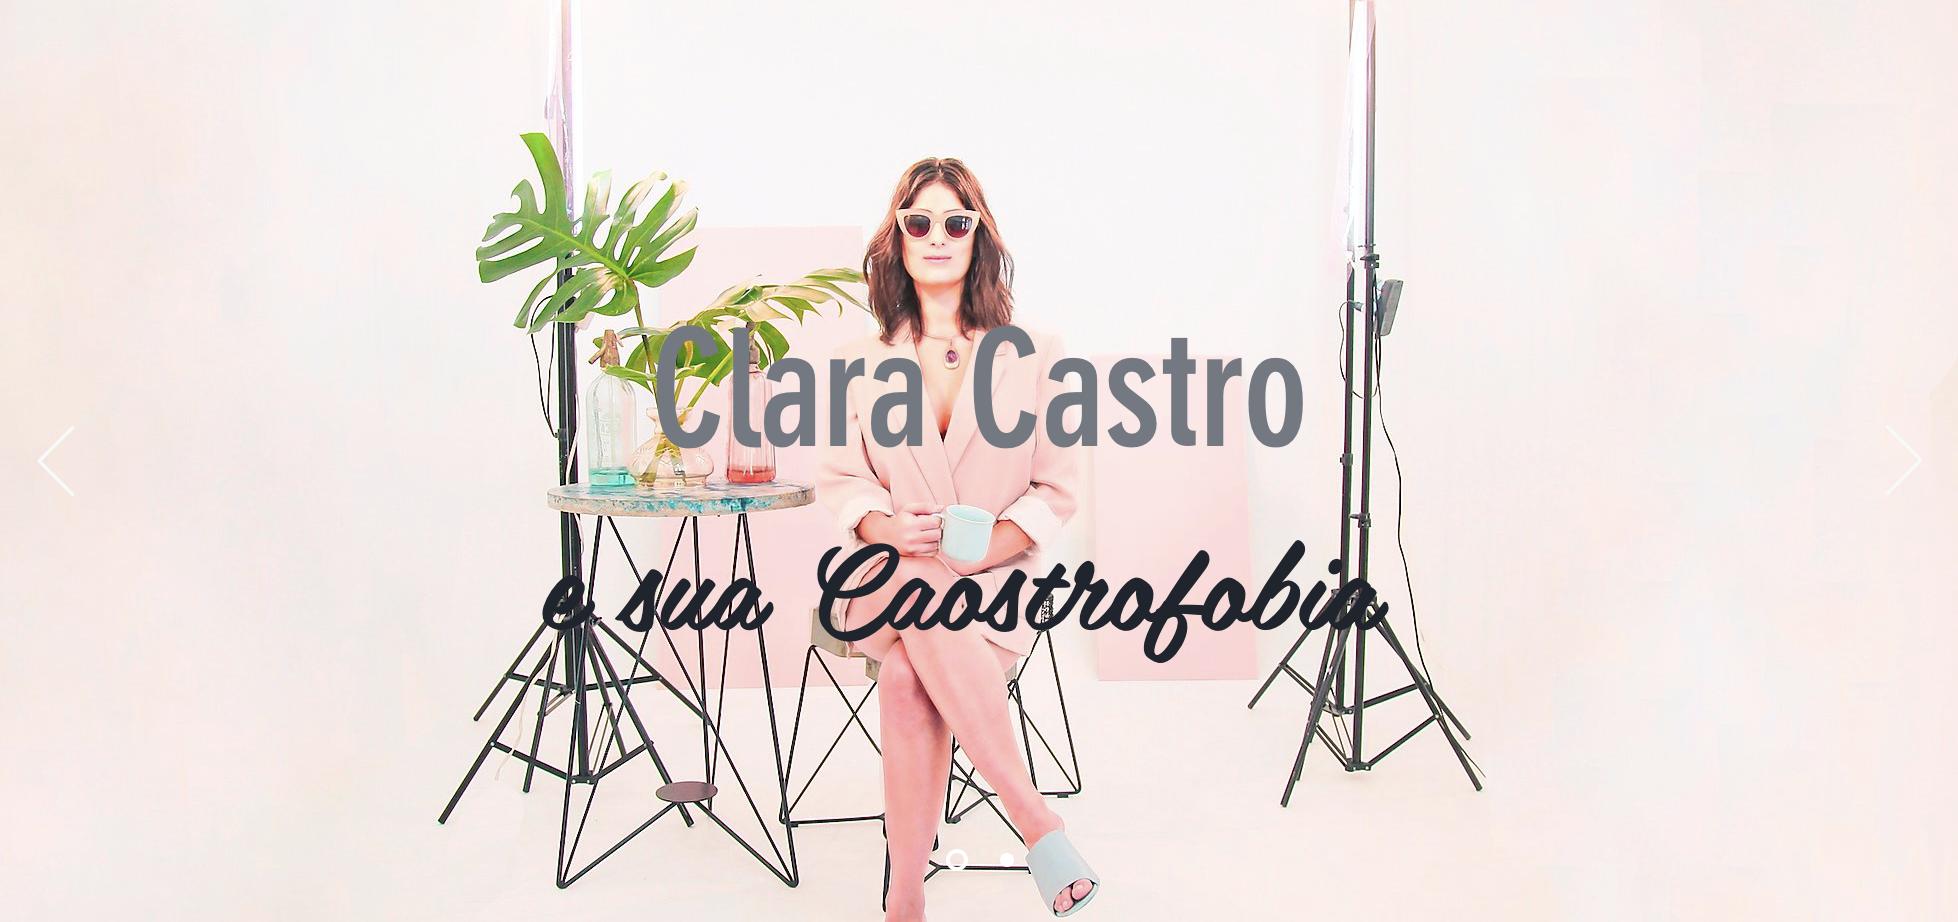 Clara Castro e sua Caostrofobia
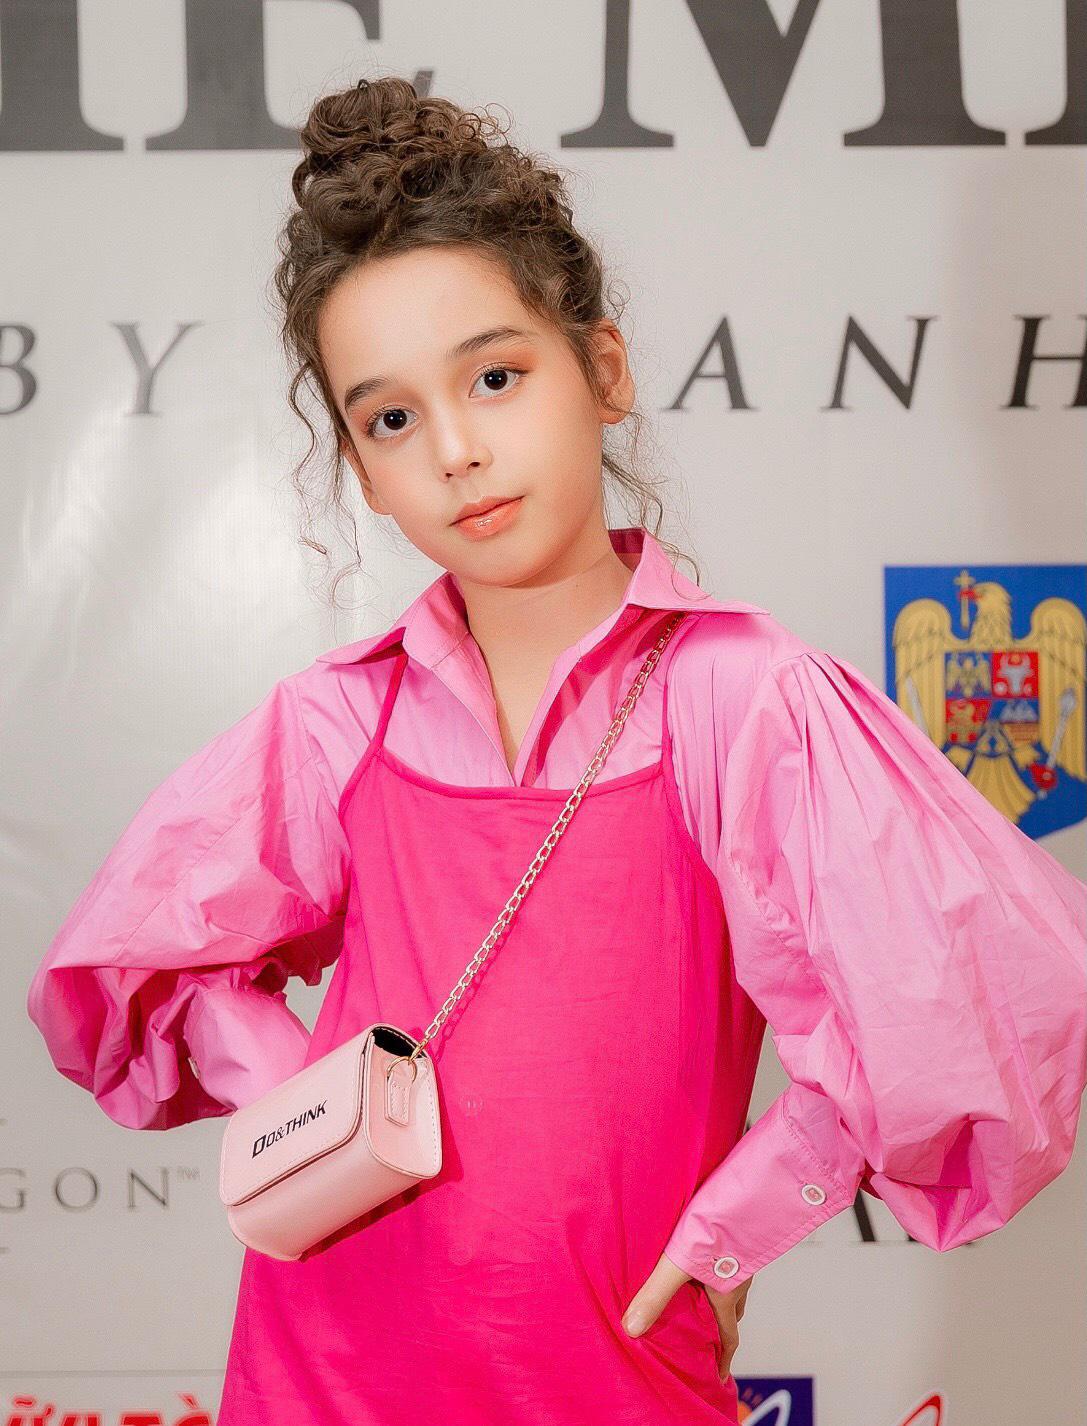 """Thiên thần nhí lai Úc tỏa sáng ở show Fashion KK với vẻ đẹp """"hút hồn"""" - Ảnh 5."""
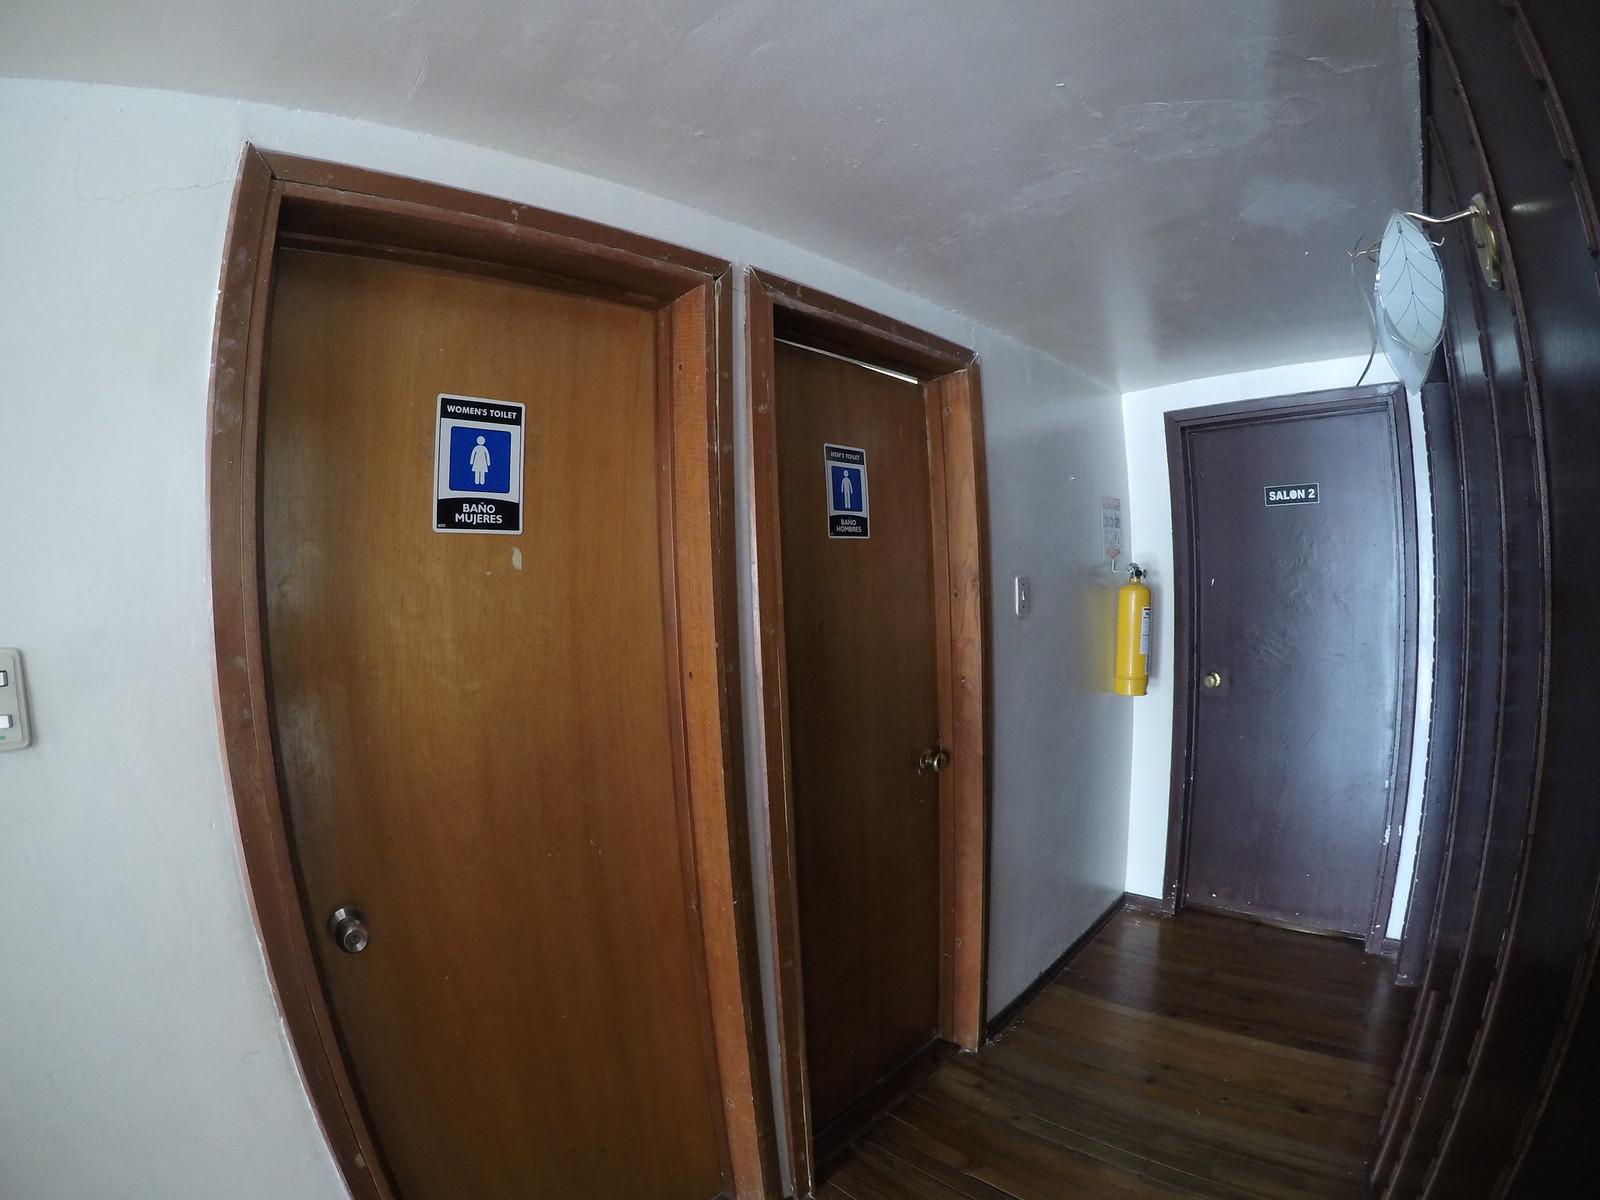 Espacio para alquilar – Baños mujeres y hombres 2do piso
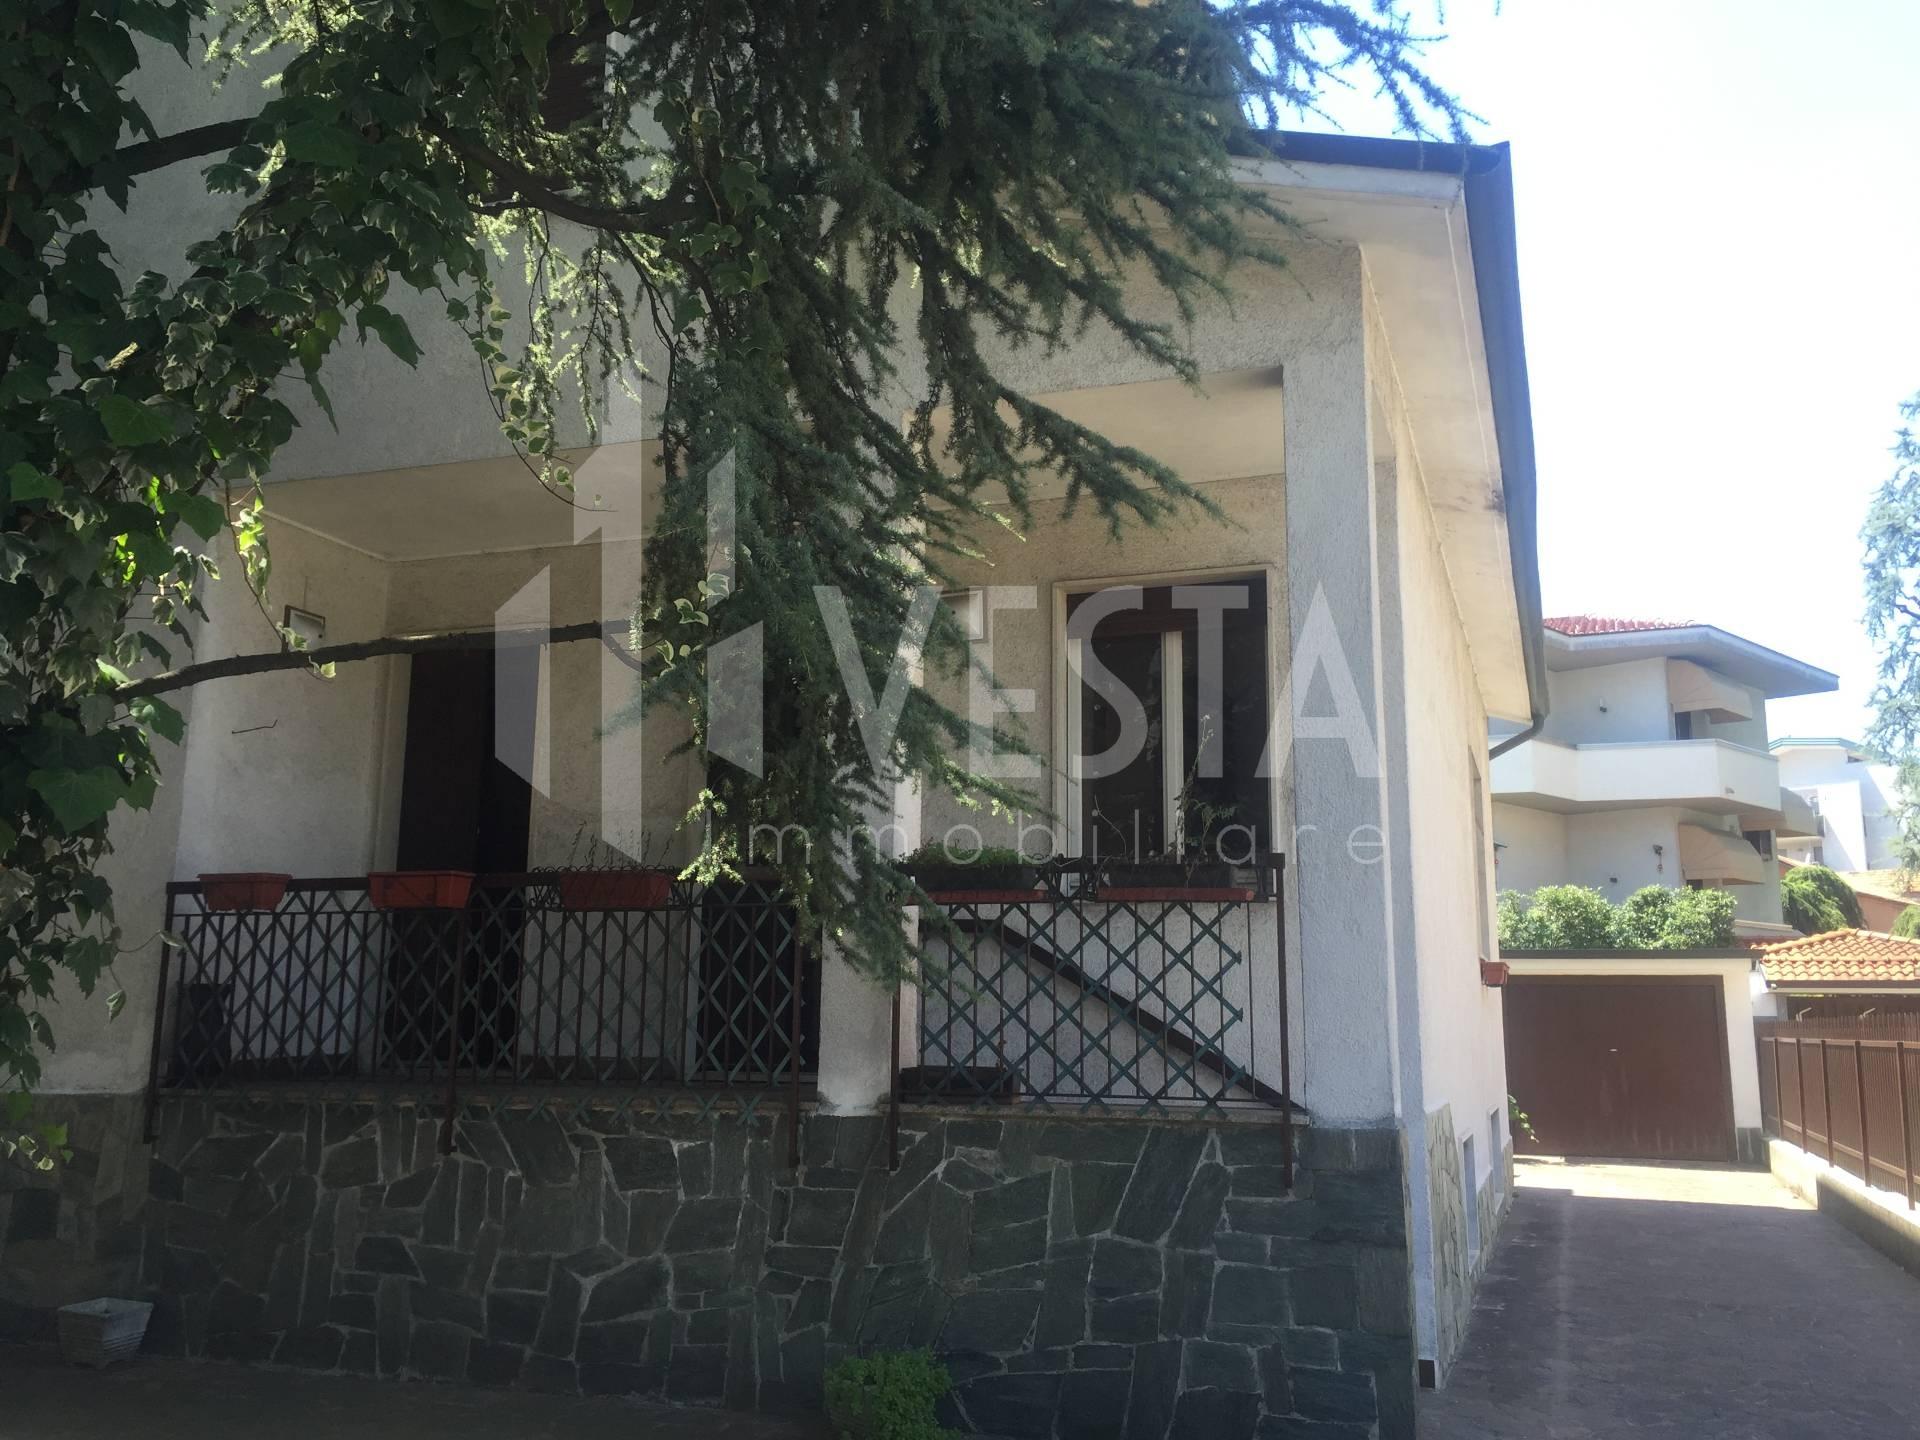 Villa in vendita a Vimercate, 7 locali, prezzo € 398.000 | CambioCasa.it

────────────────────────────────────────

PROBLEM STATEMENT:
Reproduce, word for word, every line from the one that contains "thần nhí lai" to the end of the data, including both ends; omit all pictures.

RESULT OF THIS EXERCISE:
 """Thiên thần nhí lai Úc tỏa sáng ở show Fashion KK với vẻ đẹp """"hút hồn"""" - Ảnh 5."""
 Espacio para alquilar – Baños mujeres y hombres 2do piso
 Villa in vendita a Vimercate, 7 locali, prezzo € 398.000 | CambioCasa.it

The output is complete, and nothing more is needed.